Il ne se passe rien ? Ce n’est juste pas un livre façon blockbuster où les héros sont supposés sauver le monde d’une quelconque corporation machiavélique ayant usé de bioterrorisme pour détruire l'humanité. La phrase peut donc paraître péjorative, mais ce n’est nullement le cas. Au contraire, il se passe la vie, le temps, les liens et des destins qui s’entrecroisent fugacement dans un contexte qui, personnellement, me fait froid dans le dos rien que de l’imaginer. Sans évoquer le virus qui touche la population, l’idée même de se retrouver sans eau potable, électricité, internet et tout le confort auquel nous sommes habitués et sur lequel nous nous appuyons plus que de raison est effrayant. Pourtant, certains vivent très bien sans à travers le monde.

Anticipation et dystopie sont monnaie courante, mais je ne peux même pas parler de dystopie ici. Moi qui m’intéresse beaucoup à comment tournerait le monde si tout s’arrêtait du jour au lendemain, ma vision est très proche de l’auteur qui a mis en avant trois points intéressants. La bibliothèque, la troupe de théâtre et le musée de la civilisation. Lorsque j’imagine un monde similaire, ce qui est forcément le cas par le biais du roleplay sur des jeux à thématique post-apocalyptique, j’ai spontanément la volonté de vouloir explorer la quête de savoir et le partage des connaissances avec les personnages que j’incarne.
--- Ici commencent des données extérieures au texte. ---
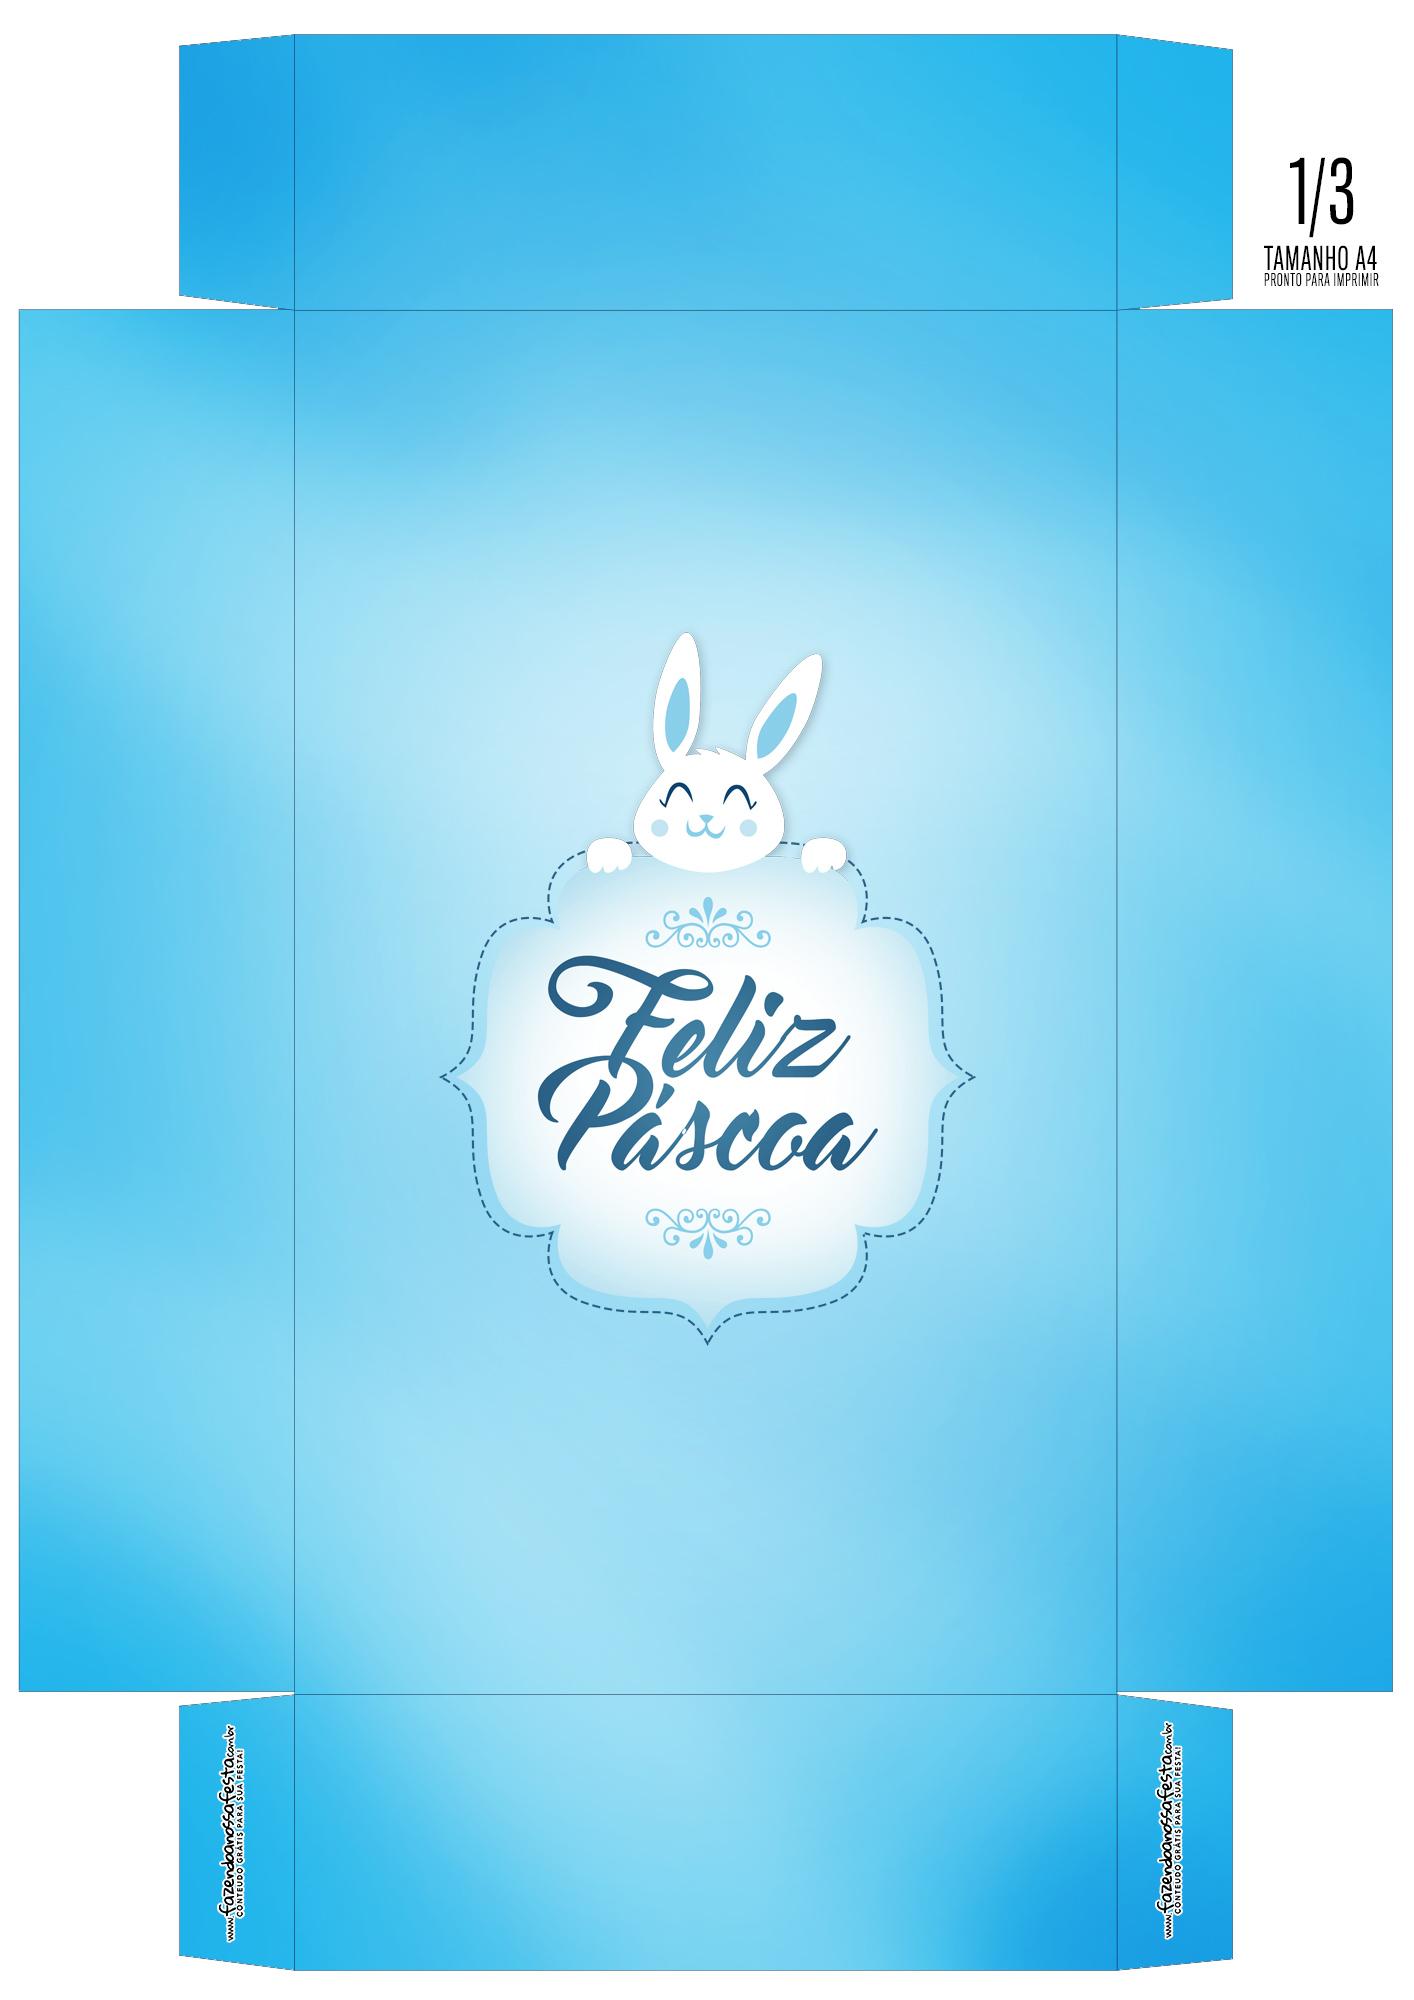 Caixa Ovo de Pascoa 12-2
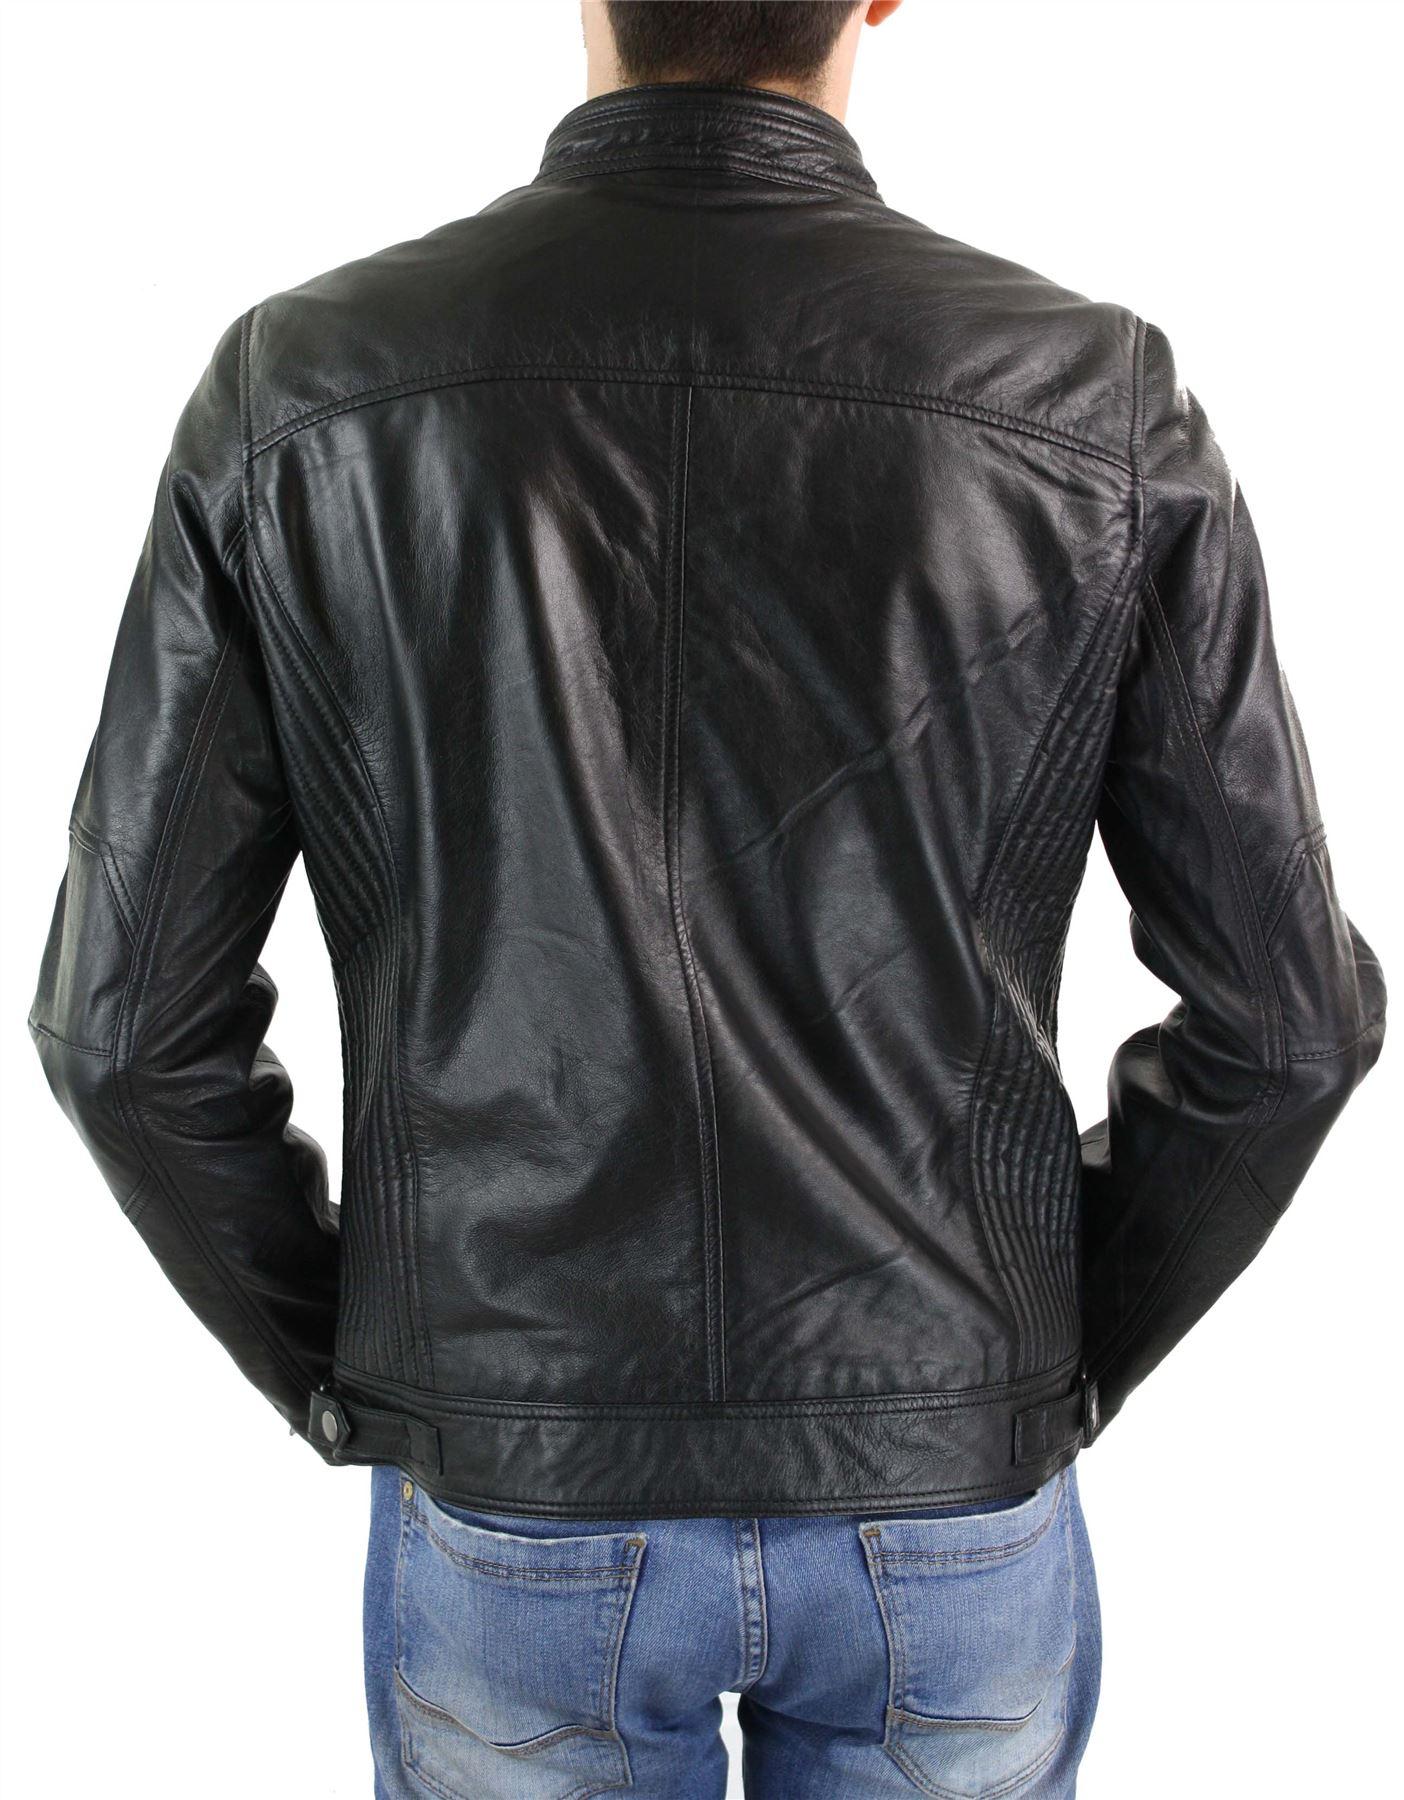 8c5409f1882a2 Blouson zippé homme cuir véritable style biker chic décontracté noir ...

 Récupérer des livres pour monter une bibliothèque, des instruments de musiques, CD, du matériel de projection et des films, quitte à devoir fabriquer des générateurs avec des batteries de moto et j’en passe… Plutôt que jouer la survie en elle-même, malgré que je m’oriente toujours vers une volonté d’utopie. Des jeux comme « ApocalypseWorld » et « A quiet year » se prêtent d'ailleurs bien à l’exercice.

Je digresse ? Pas tant que cela, je fais des liens puisque ces détails sont bel et bien ancrés dans le roman que nous propose Mandel. Si elle aborde la survie, la difficulté de vivre en communauté, tout reste léger. Bien-sûr, les thématiques sont plurielles et englobent l’humain en finesse avec un agencement des chapitres qui donne de l’élan et du souffle au récit.  Une toile ciselée, lumineuse, faite de choses simples qui peuplent plusieurs vies en les reliant par des souvenirs, des regrets, des objets, beaucoup d’humilité et l’acceptation. Notamment du passé et de soi. Un récit où finalement le temps semble suspendu durant la reconstruction avec une fin assez ouverte. Je n’aurais toutefois pas été contre un ou deux chapitres en plus, voire un épilogue.  

Notons que deux personnages m’ont bien plus touché que les autres. Miranda et Jeevan. Pour ce dernier, je ne sais néanmoins toujours pas ce qu'il devient... 


Ce que pourrait être le comics évoqué dans le roman...


Pour conclure, une simple - et pourtant - complexe histoire plurielle et bien construite, lumineuse, profondément et positivement axée sur l’humain dans un contexte où la majorité des auteurs mettent en exergue la bassesse et les plus noirs côtés de nos congénères. Le côté survivaliste n’est pas très développé, pas exploité voire mal documenté et donc assez superficiel ; mais ce n’était pas le but car survivre ne suffit pas. Outre le virus qui extermine 99% de la planète (Aïe !), plusieurs clichés et des personnages expédiés aux oubliettes, ou dont le cas fut réglé en une pirouette par facilité scénaristique. Quel dommage !

Un roman parfait pour celles et ceux qui sont frileux avec la SF ou l’anticipation en général, pouvant même faire l'objet d'une adaptation film. Ce fut donc une lecture plaisante et appréciée qui m'amènera sans doute à relire cette auteure/autrice à l’occasion.